USA/Mexico - Del Rio (12XU/Riot Season, 2021)
USA/Mexico embraces extreme noise on the sludged-out doomed grooves of Del Rio.
Guitarist/vocalist Craig Clouse, drummer King Coffey, and bassist Nate Cross are joined by a new vocalist in Colby Brinkman. The recipe here isn’t poles apart from Laredo or Matamoros, but is a more significant developmental leap than between those first two records. Distortion, fuzz, overdrive, boost, volume, sub bass all (somehow) seem maximized. The volatility lends a fragility to an otherwise aggressive music, always edging on amplifier blowout, if they’re not already burning when the tape started rolling.
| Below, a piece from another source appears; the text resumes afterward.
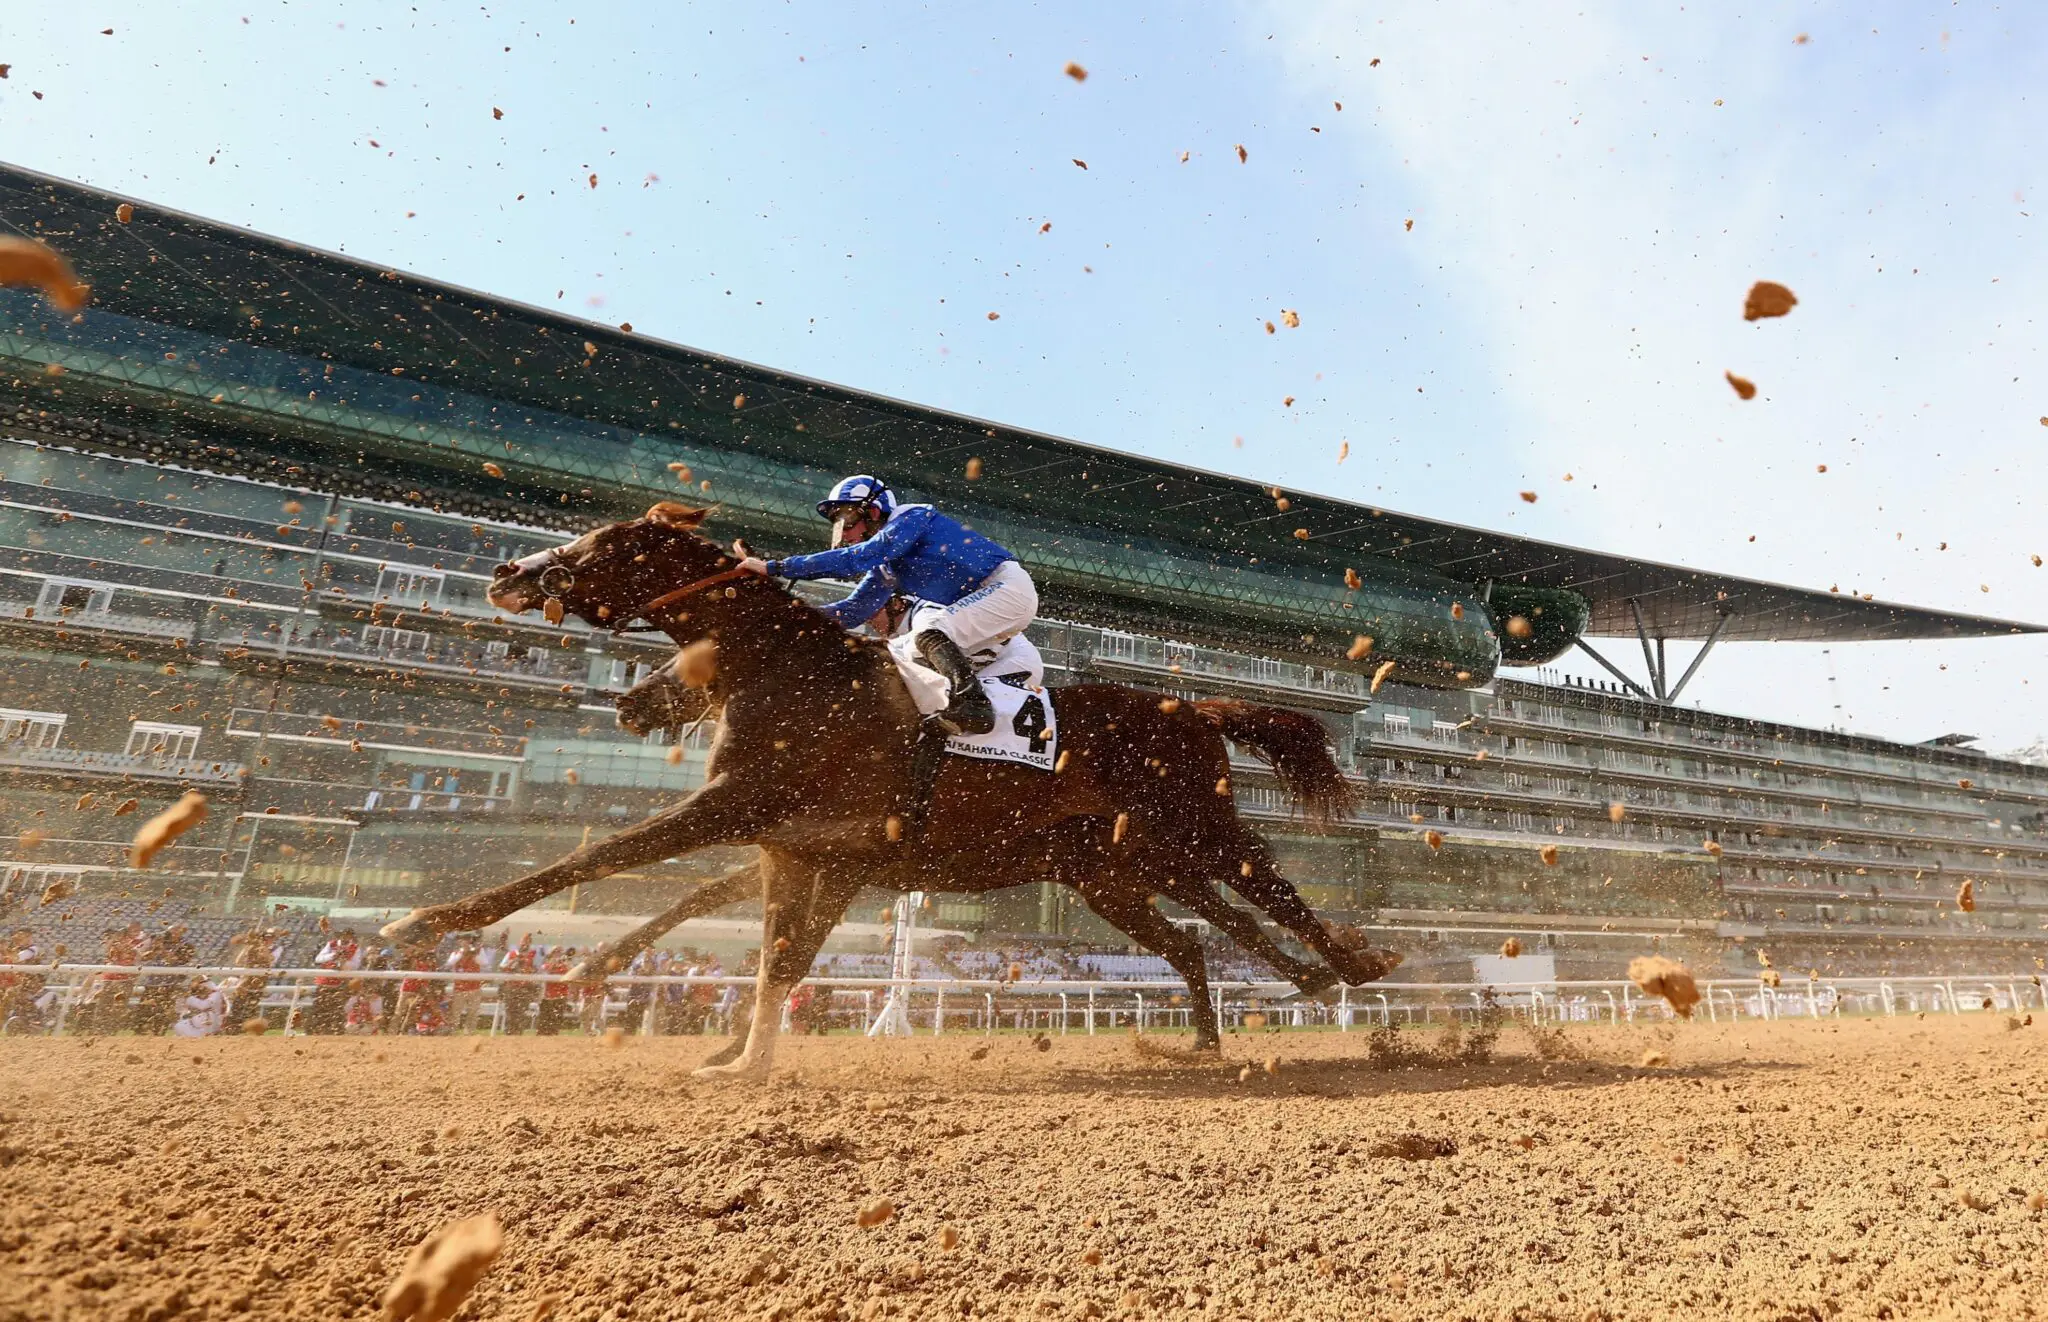 Horse racing on the Dubai race track

Likely as a result, the pace is slowed to tempos on the low end of funeral and drone doom and, whereas most previous tracks hovered around the five-minute mark, two of three tracks here stretch to the mid-teens. Comparisons to extreme metal genres are further encouraged by the vocal delivery, now sparse and unintelligible growls and grunts. While there are some breakdowns, wailing feedback solos, and small variations in structure and effects, the groove lumbers forward, largely unchanged in each track. A sonic juggernaut with, for all its effects-laden frankensteinian electricity, an organic character in the autonomous crash and clip of its sine and step waves and their chirruping blizzard static.